Source material >>
------------------------------------------------------------------------
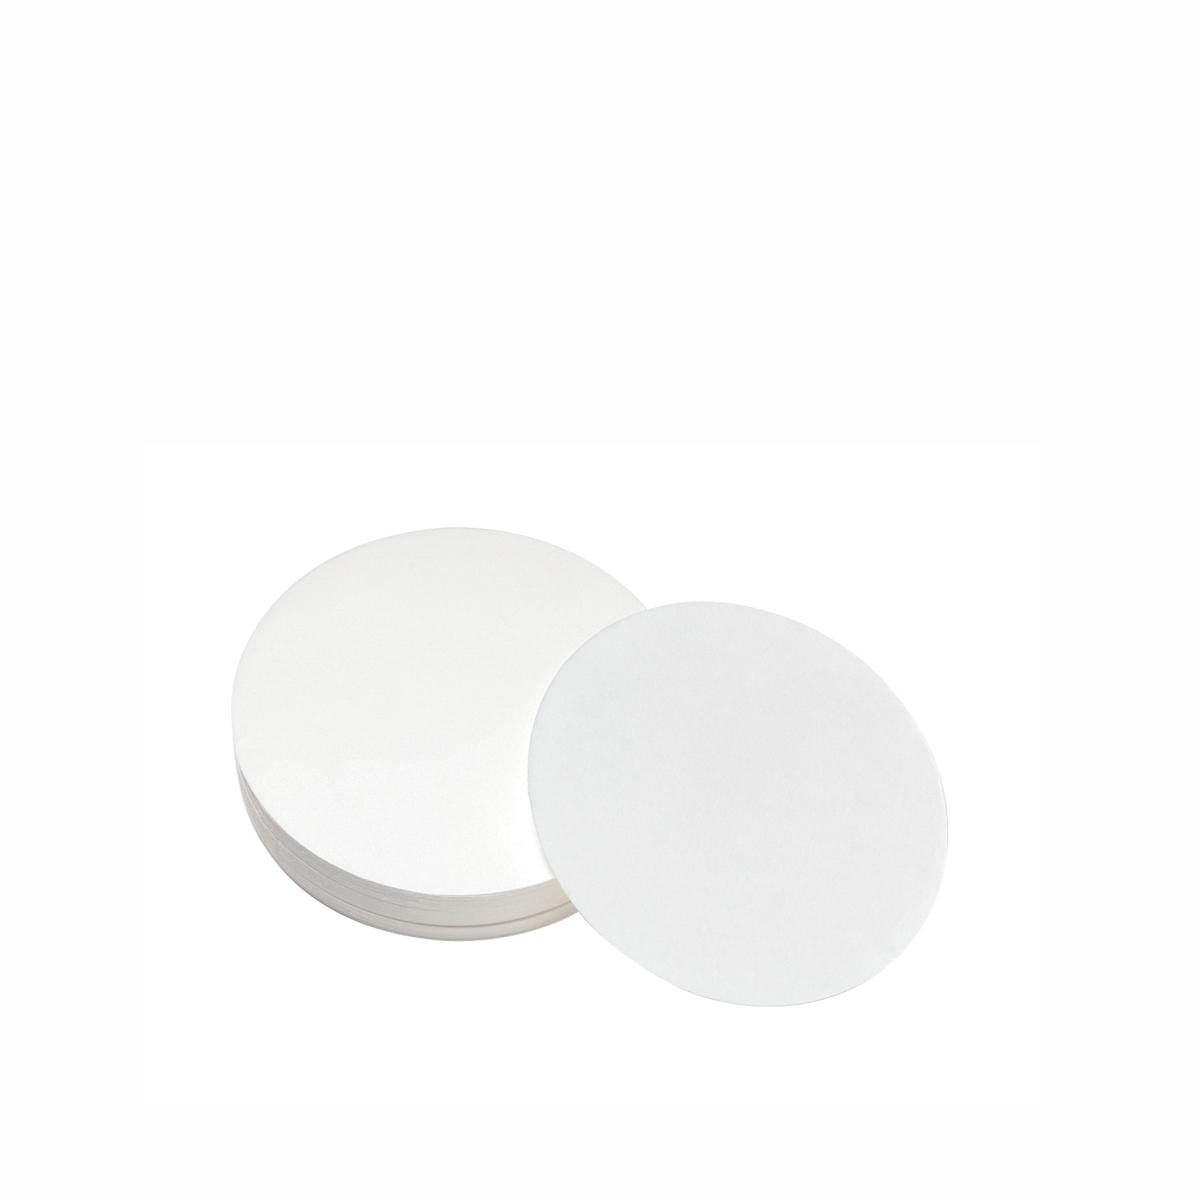 Papel Filtro Tipo Mata Borrão Gramatura 250 g 125 mm (100 unidades)
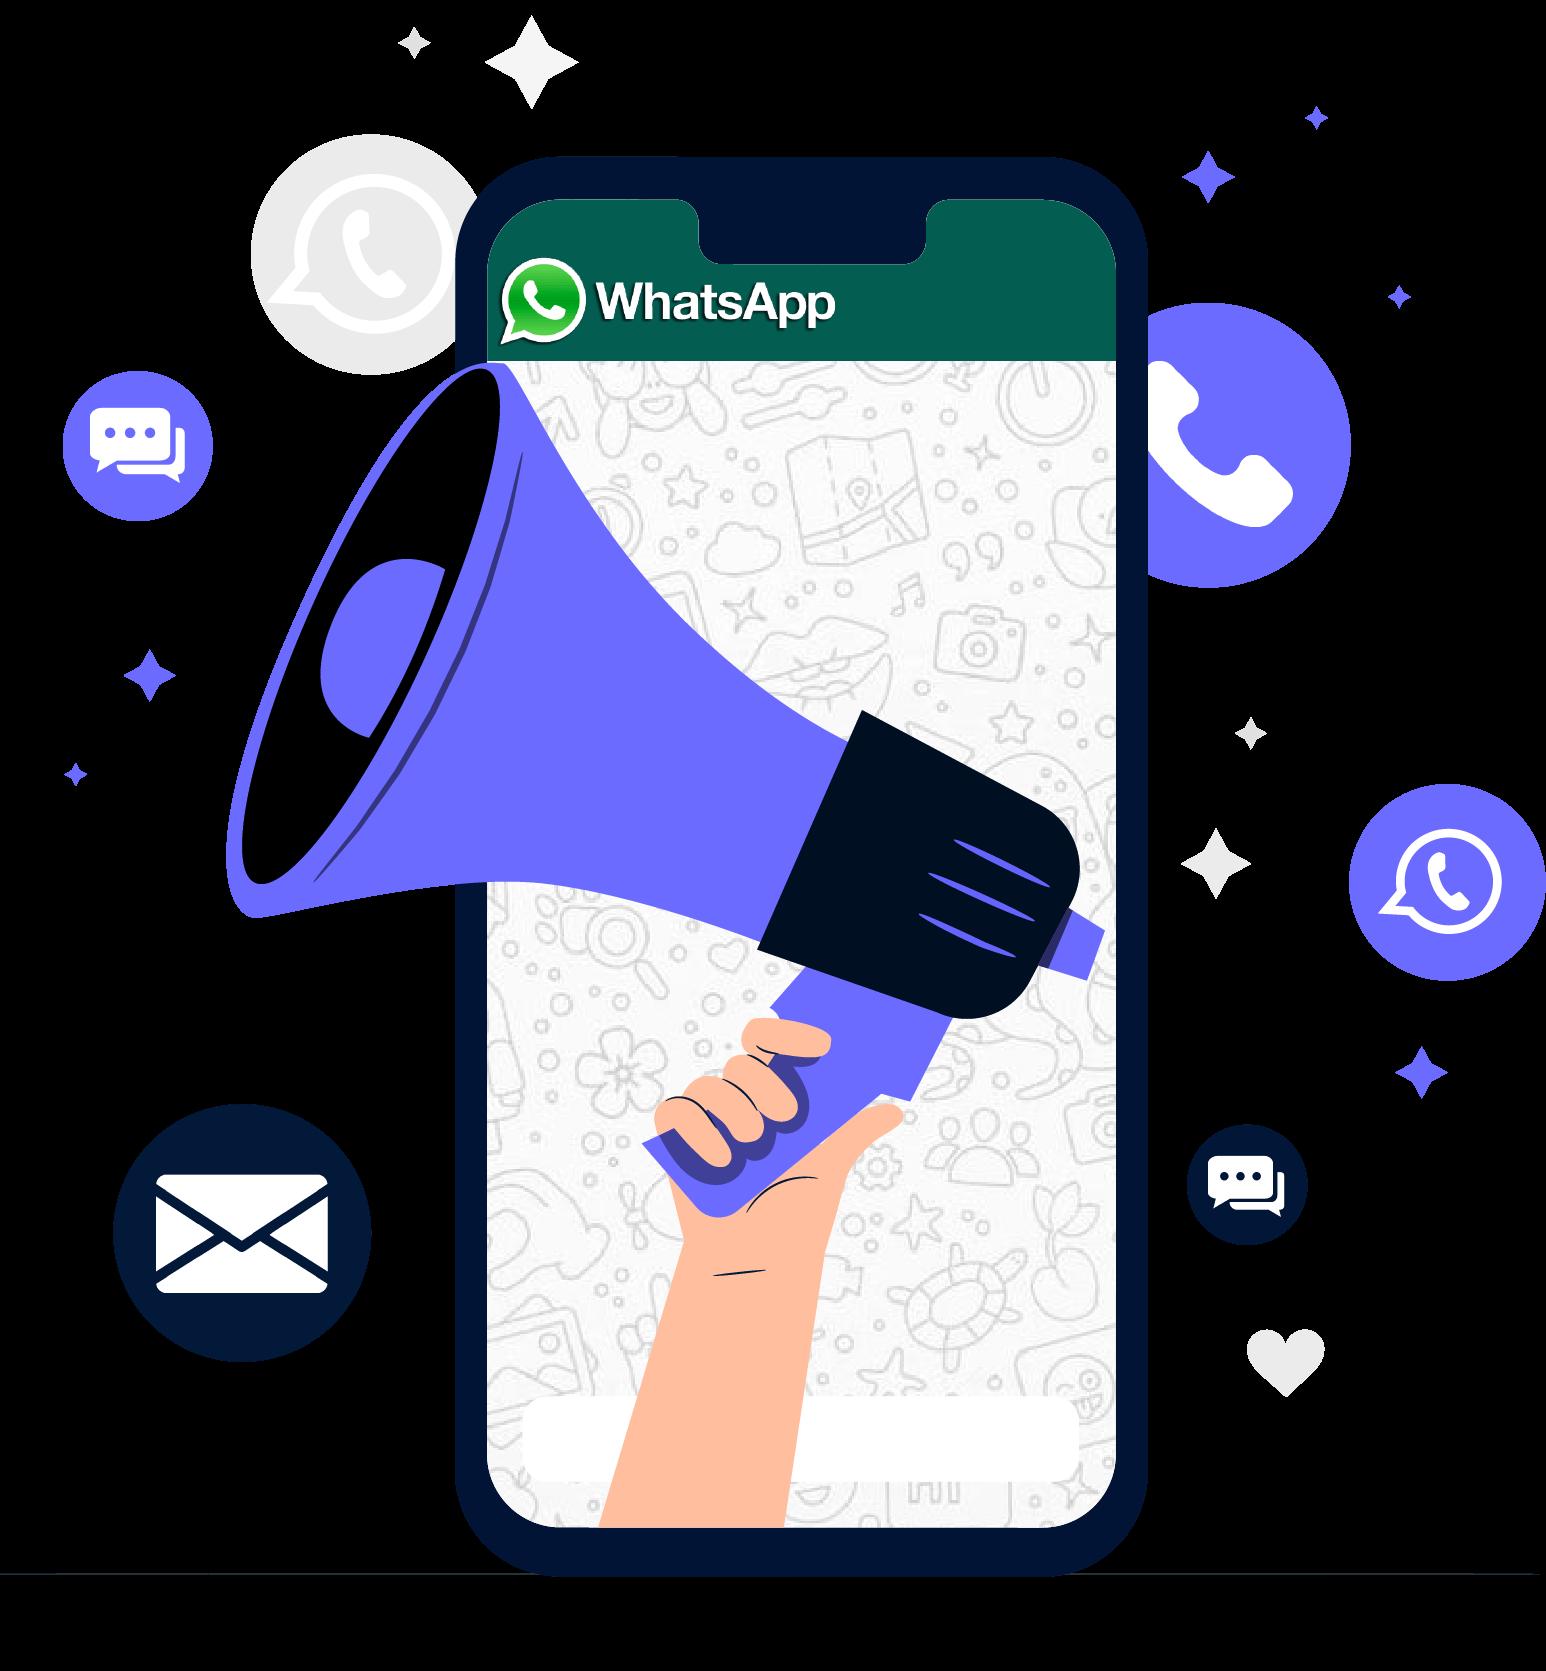 Msg91 WhatsApp Integration
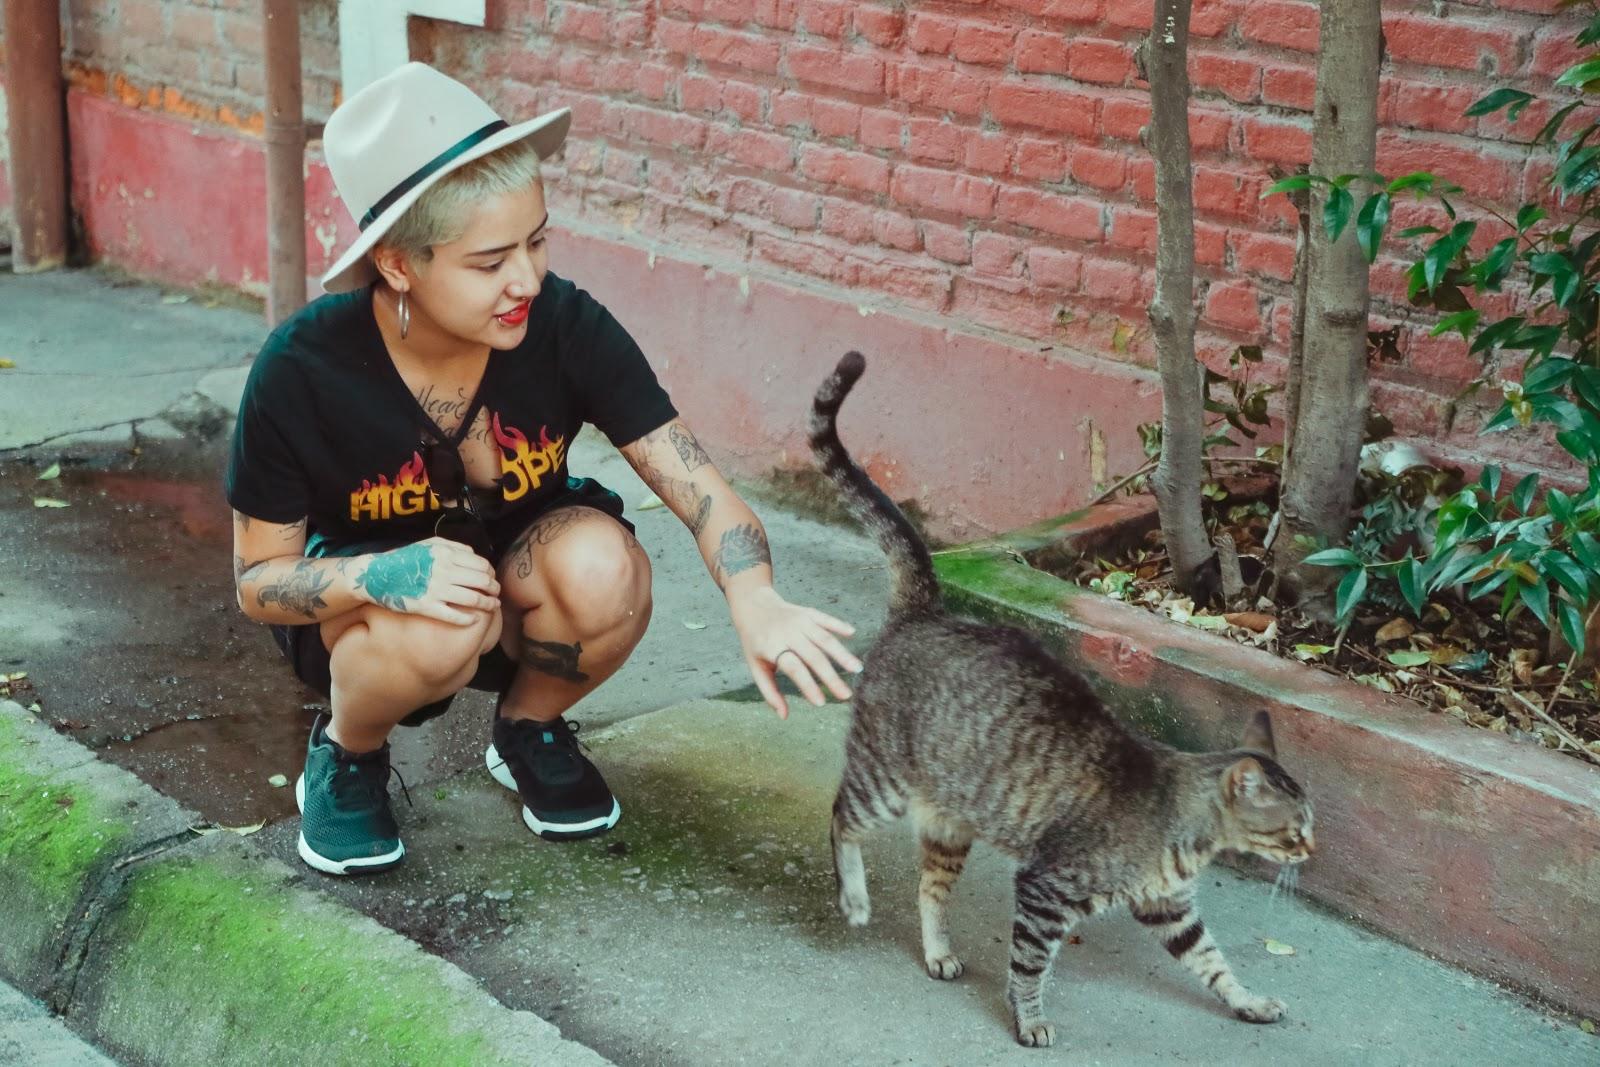 Woman bent down to pet cat that's walking away
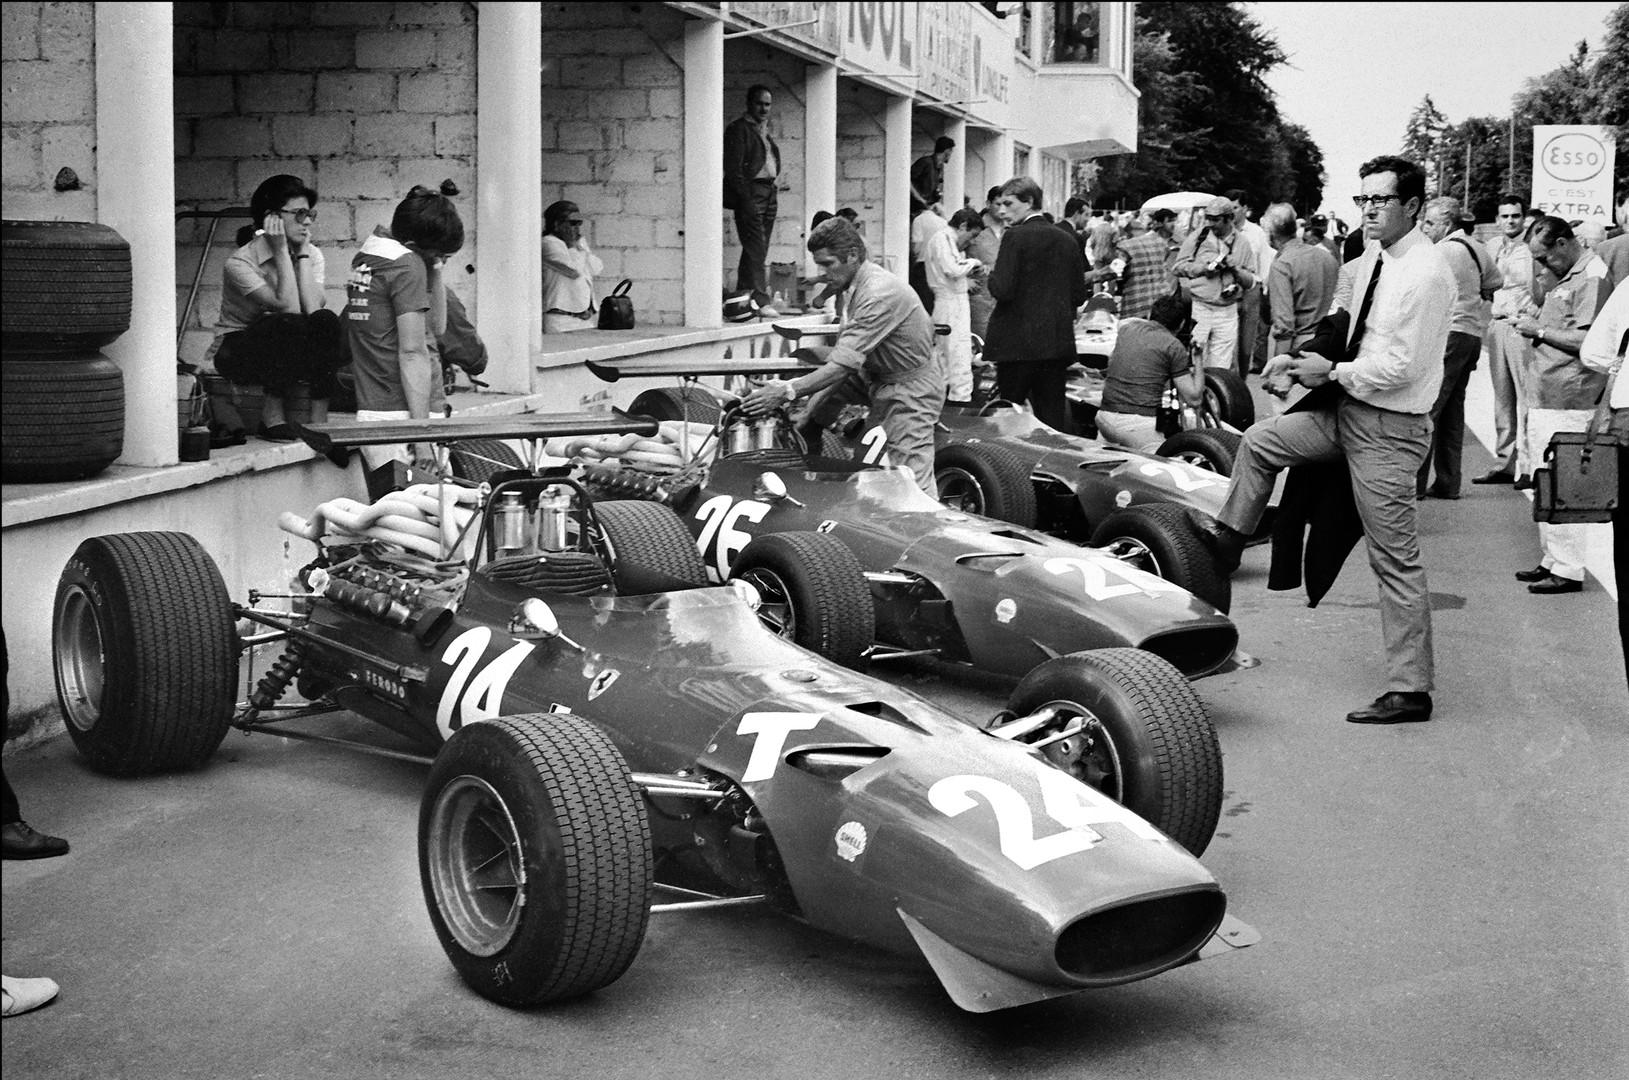 059 - Scuderia Ferrari.jpg
------------------------------------------------------------------------
Exercise description >>
The output consists of exactly the lines from the one containing "Msg91 WhatsApp Integration" through the last line of the listing, both included, with no pictures.

Exercise result >>
 Msg91 WhatsApp Integration
 Woman bent down to pet cat that's walking away
 059 - Scuderia Ferrari.jpg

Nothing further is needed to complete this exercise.